The GemStone Object Server
introduces GemStone and its architecture and explains the part each component plays in the system.

GemBuilder for Smalltalk
outlines the basic features of GemBuilder that allow you to access GemStone objects from your Smalltalk application, and describes the basic programming functions that GemBuilder provides.

Designing a GemStone Application: an Overview
outlines the basic steps involved in producing a client/server application with GemBuilder.

1.1  The GemStone Object Server

The GemStone object server supports multiple concurrent users of a large repository of objects. GemStone provides efficient storage and retrieval of large sets of objects, resiliency to hardware and software failures, protection for object integrity, and a rich set of security mechanisms.

The GemStone object server consists of three main components: a repository for storing persistent, shared objects; a monitor process called the Stone, and one or more user processes, called Gems.

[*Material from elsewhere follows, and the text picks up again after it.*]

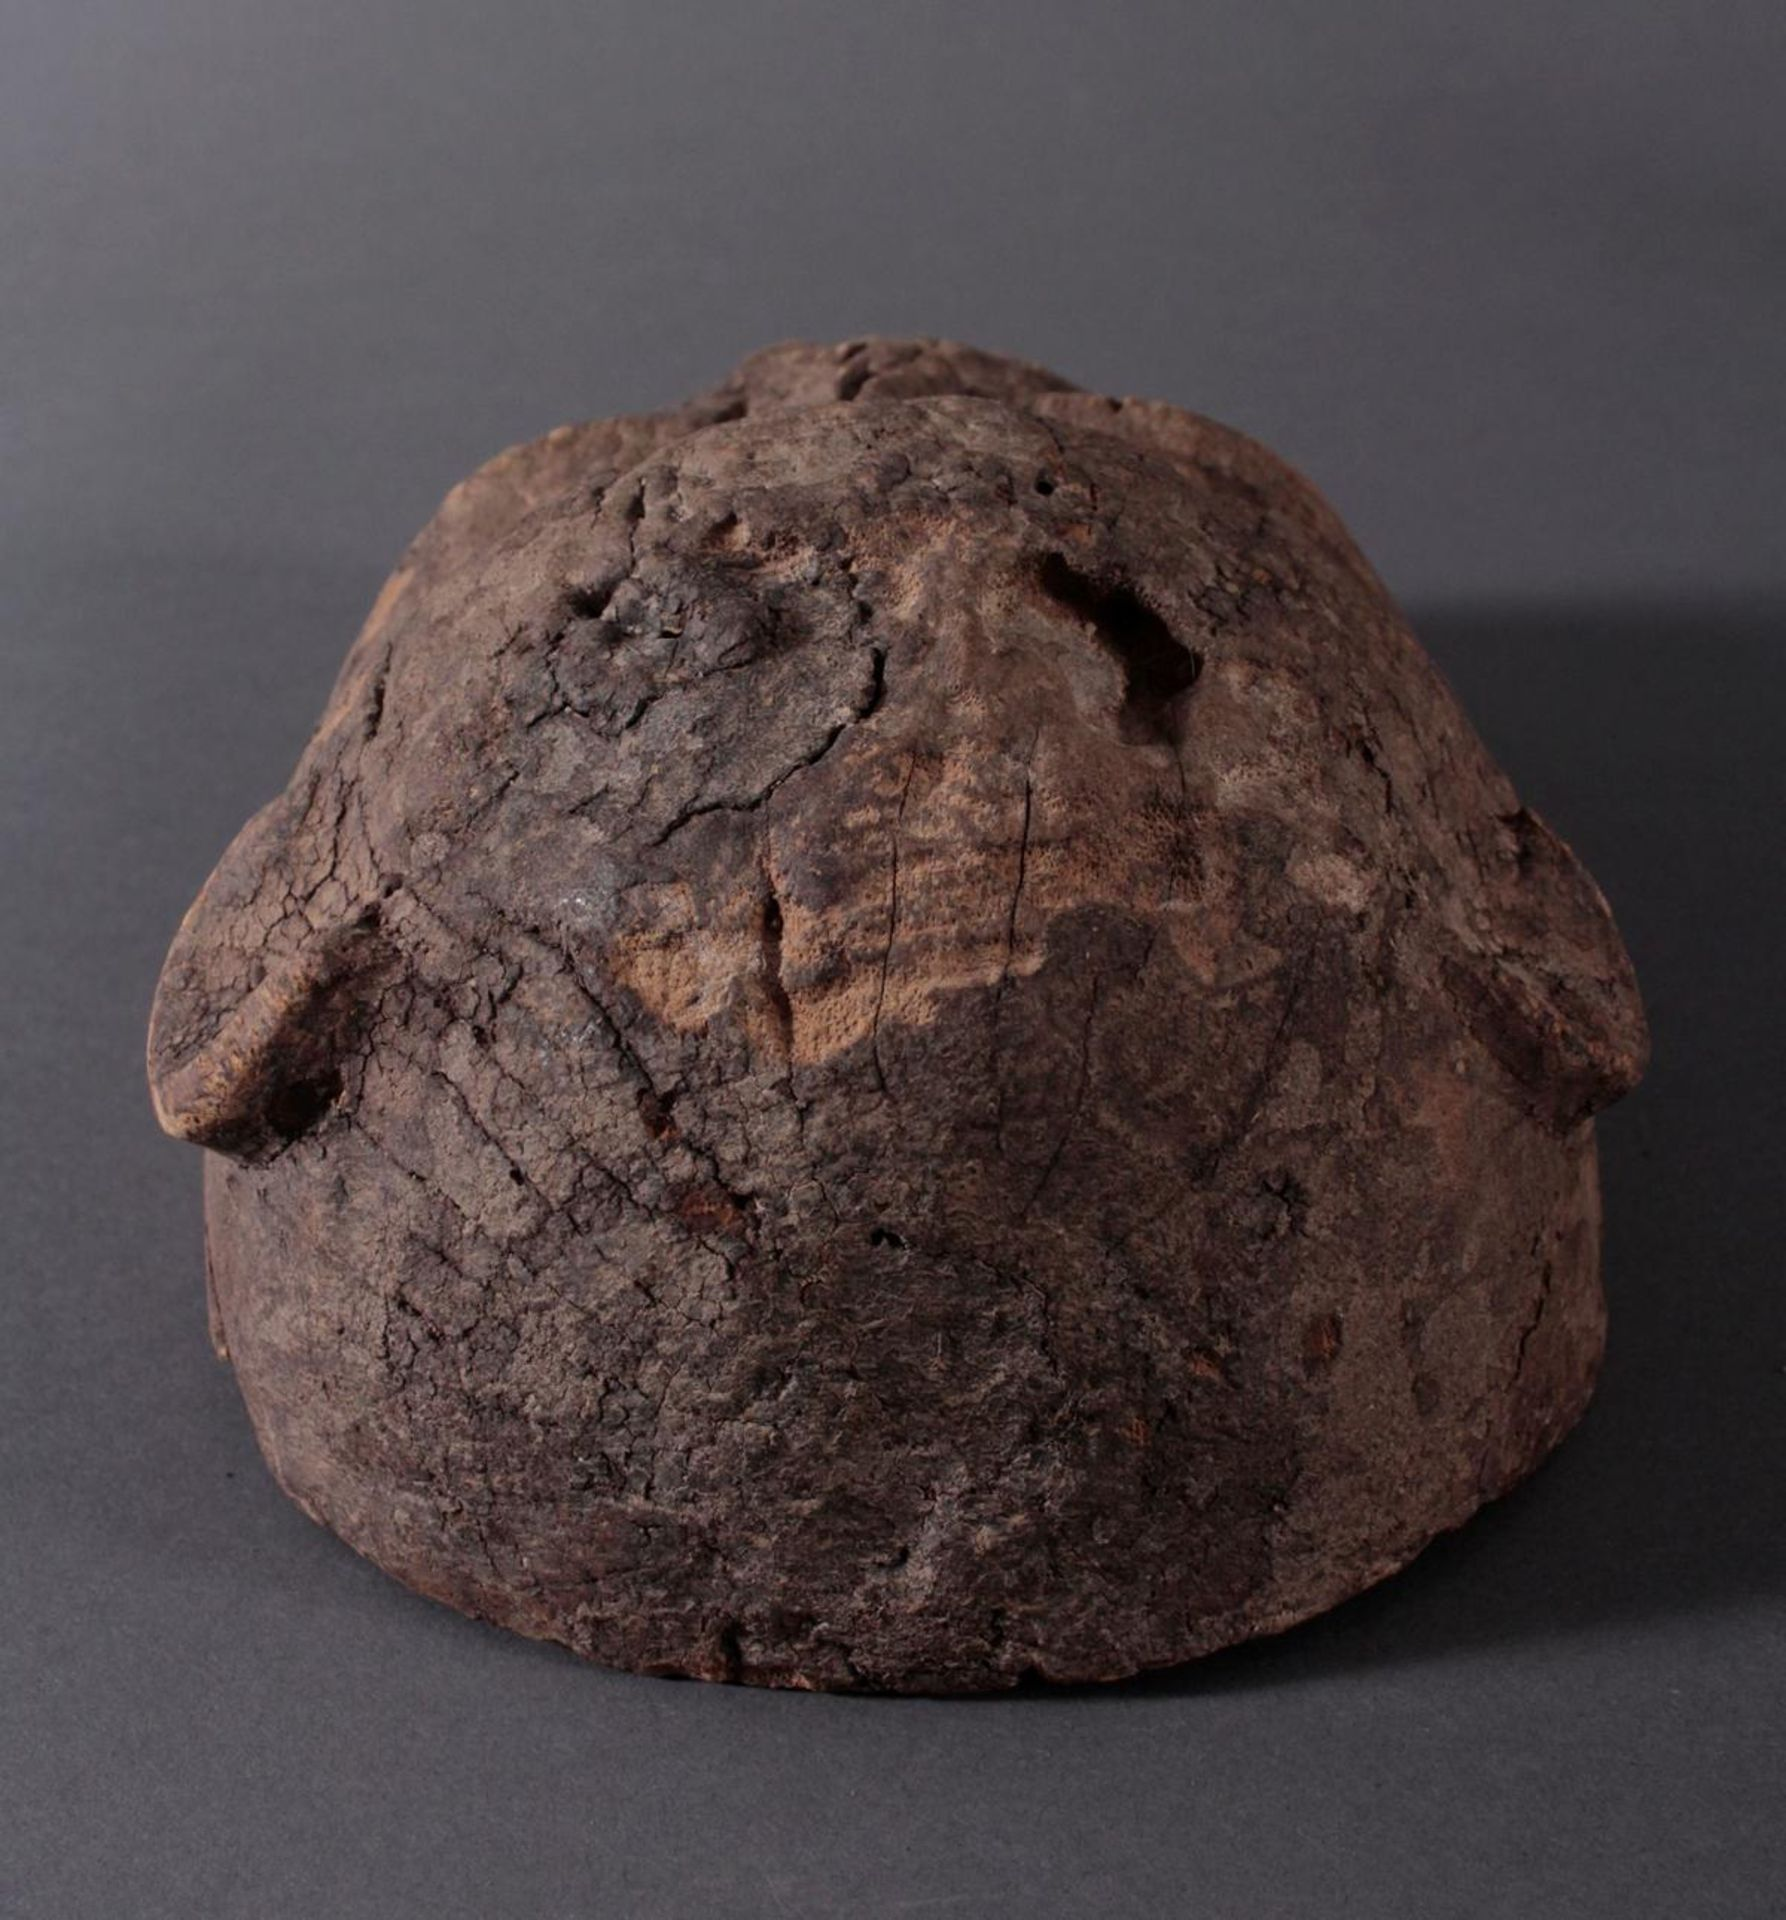 Antike Zoomorphe Maske, Makua, Tansania 1. Hälfte 20. Jh.Hartholzolz, alter Wurmfrass, dunkle Patina - Bild 5 aus 6

Figure 1.1 shows how the object server supports clients in a Smalltalk application environment.

Figure 1.1   The GemStone Object Server

The object repository is a multiuser, disk-based Smalltalk image containing shared application objects and GemStone kernel classes. It is composed of files (known to GemStone as extents) that can reside on a single machine or can be distributed among several networked hosts. The repository can also include GemConnect objects representing data stored in third-party relational databases.

Your Smalltalk application program treats the repository as a single unit, regardless of where its elements physically reside.

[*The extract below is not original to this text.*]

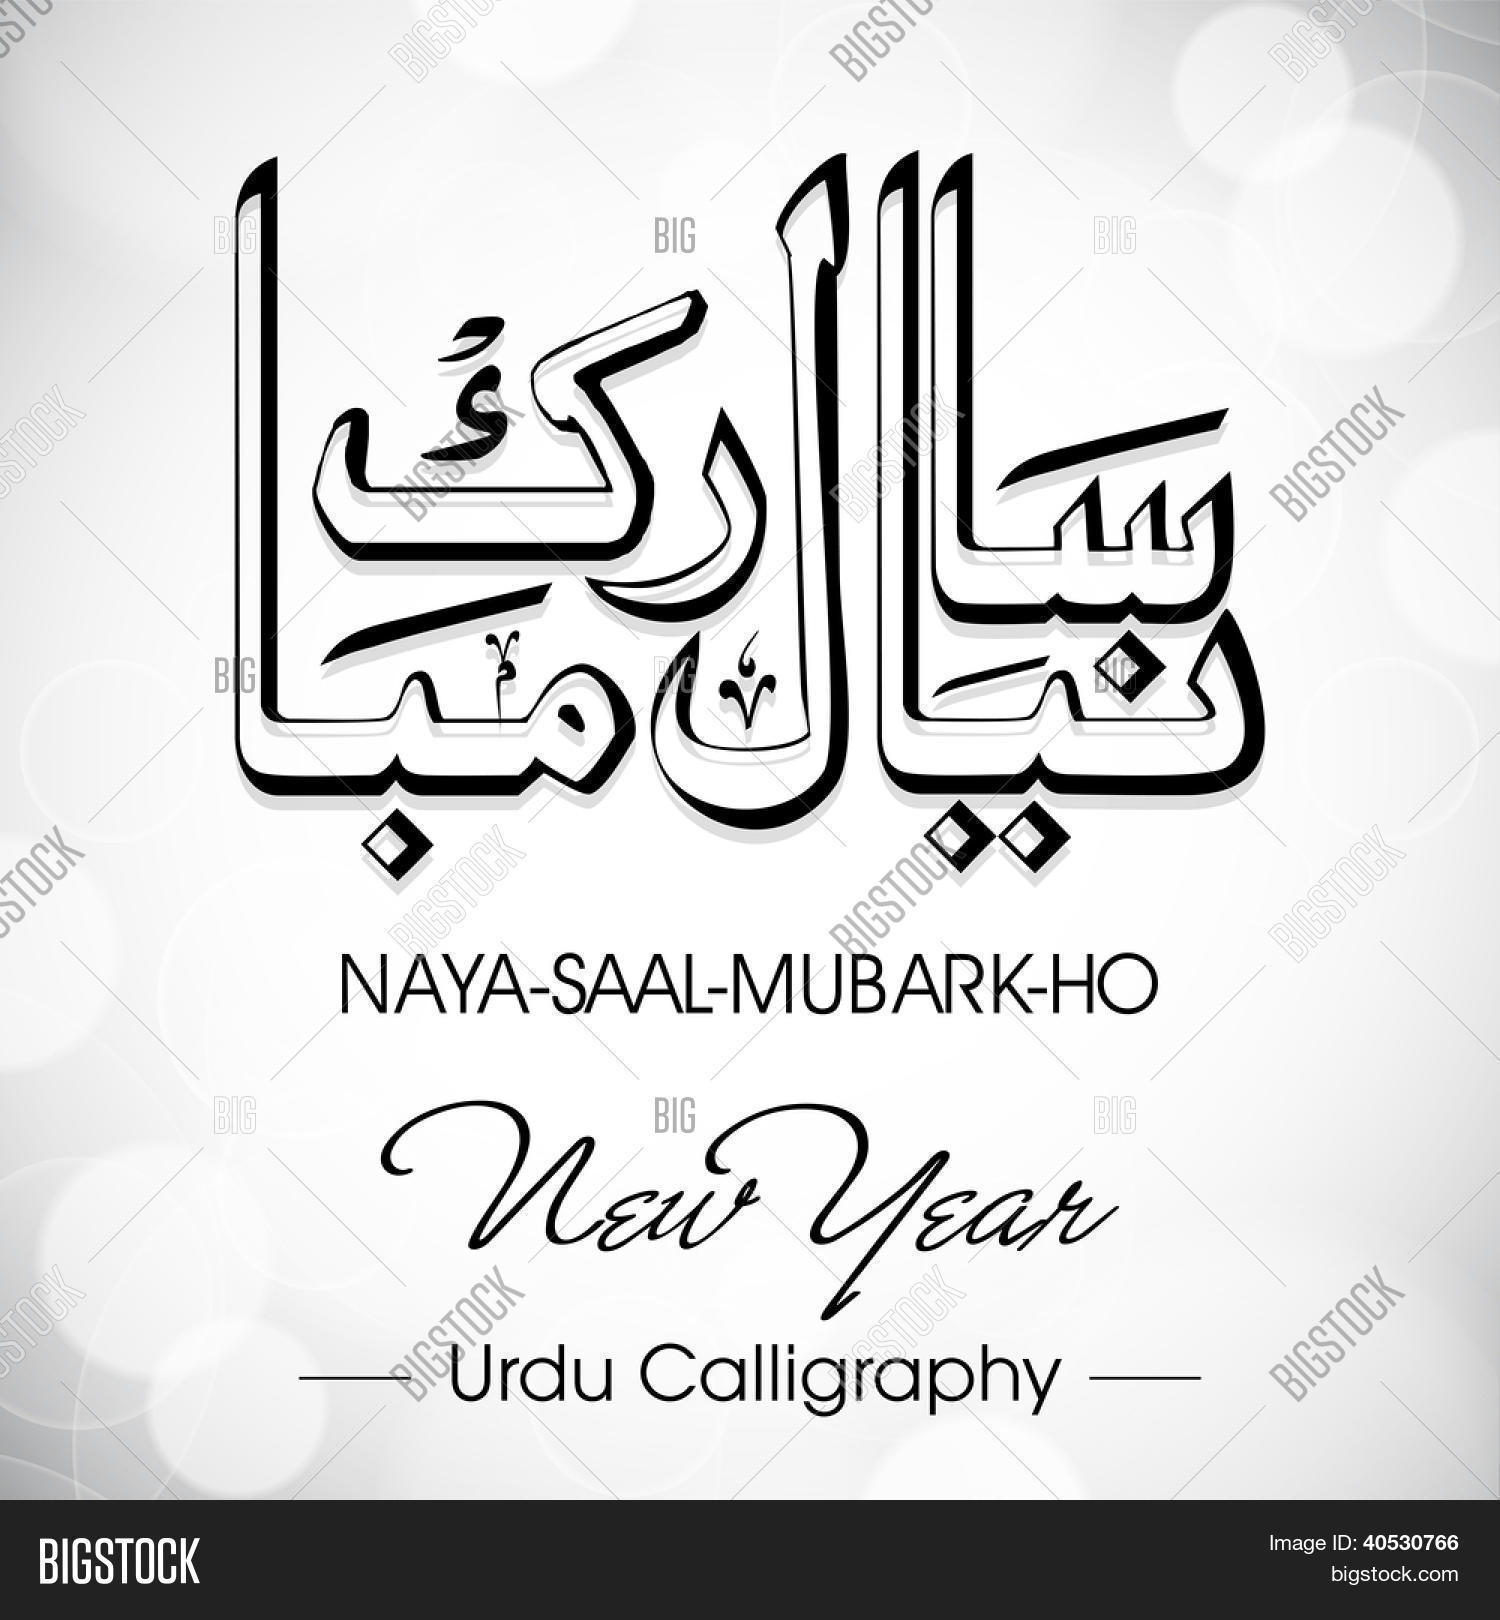 Urdu Calligraphy Naya Saal Mubarak Vector Photo Bigstock

A Gem is an executable process that your application creates when it begins a GemStone session. A Gem acts as an object server for one session, providing a single-user view of the multiuser GemStone repository. A Gem reads objects from the repository, executes GemStone Smalltalk methods, and updates the repository.

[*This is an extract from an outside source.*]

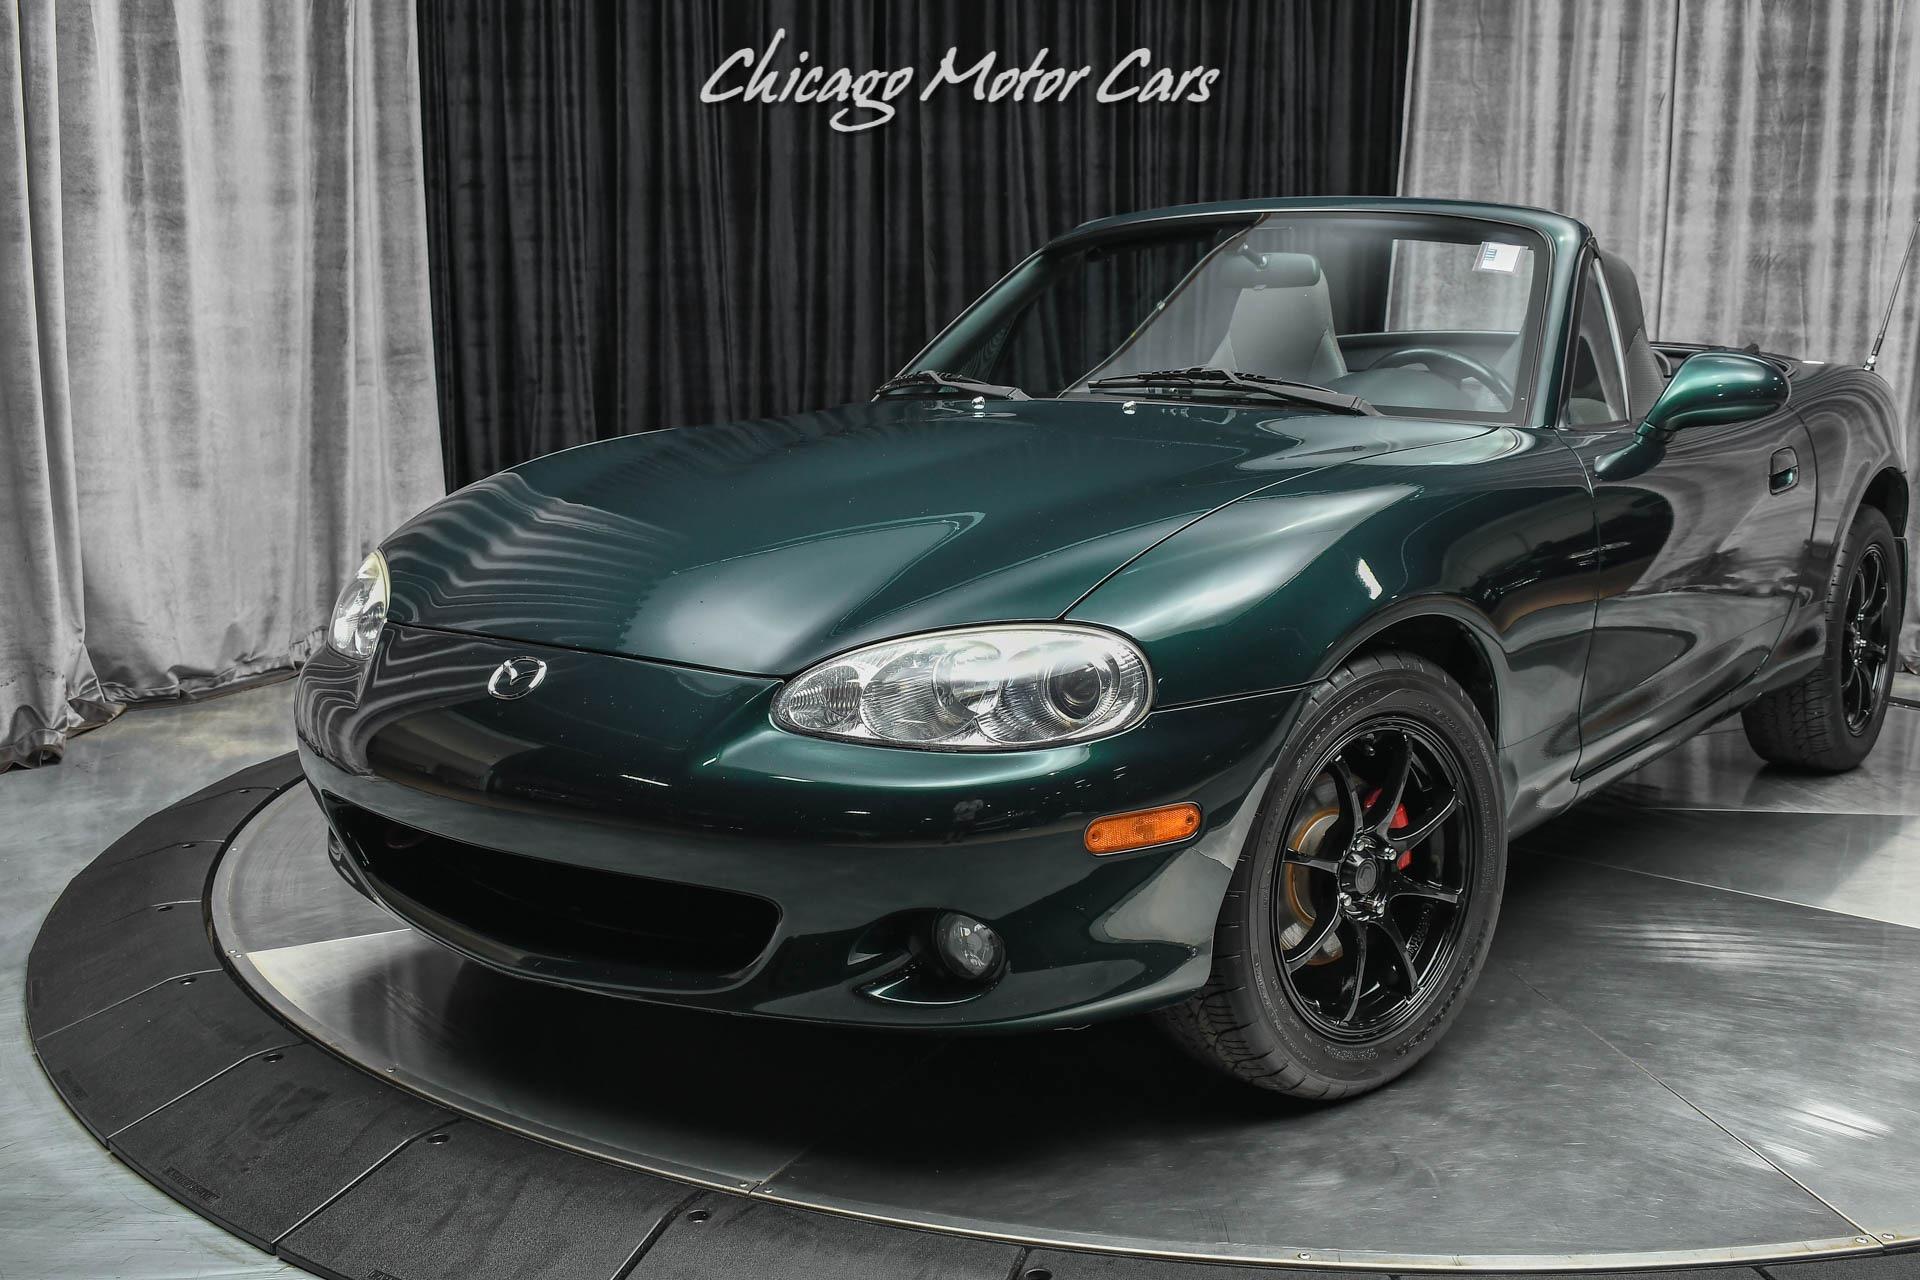 Used-2002-Mazda-MX-5-Miata-LS-5-Speed-Manual-Low-Miles-Serviced-Convertible

Each Gem represents a single session. An application can create more than one session, each representing an internally-consistent single view of the repository. When a Gem commits a transaction, it modifies the shared repository and updates its own view of the repository.

The Stone monitor process handles locking and controls concurrent access to objects in the repository, ensuring integrity of the stored objects. Each repository is monitored by a single Stone.

Despite its central role in coordinating the work of all individual Gems, the Stone is surprisingly unintrusive. To optimize throughput for all users, most processing is handled by the Gems, which often interact directly with the repository. The Stone intervenes only when required to ensure the integrity of the multiuser repository.

1.2  GemBuilder for Smalltalk

GemBuilder for Smalltalk is a set of classes and primitives that can be installed in a client Smalltalk image. With the functionality provided by GemBuilder, you can:

The Programming Interface

Your client Smalltalk application creates a GemStone session by using GemBuilder to log in to GemStone, creating one or more Gem process to serve your application.

As Figure 1.1 illustrates, several applications can work concurrently with a single repository, with each application viewing the repository as its own. GemStone coordinates transactions between each of the applications and the repository.

Transparent access to GemStone

The interface between your client Smalltalk application and GemStone can be relatively seamless.

Many of the classes in the base client Smalltalk image are mapped to comparable GemStone server classes, and additional class mappings can be created either automatically or explicitly. GemBuilder is also able to automatically generate GemStone server classes from client classes, and vice versa, as necessary. Your client objects can be replicated in the GemStone server, and GemStone server objects can be replicated in client Smalltalk.

Only server objects can become persistent in the GemStone object repository. To make a client Smalltalk object persistent, it must be mapped to a server object. This mapping is a relationship between a client object and a server object, whereby each represents the other. Once objects are mapped, GemBuilder maintains the relationship between the shared GemStone server object and the private client Smalltalk object, updating values from the repository to your application and vice versa, as necessary, as well as forwarding messages between the objects. Chapter 3 describes the replication of state and forwarding of messages between client and server objects.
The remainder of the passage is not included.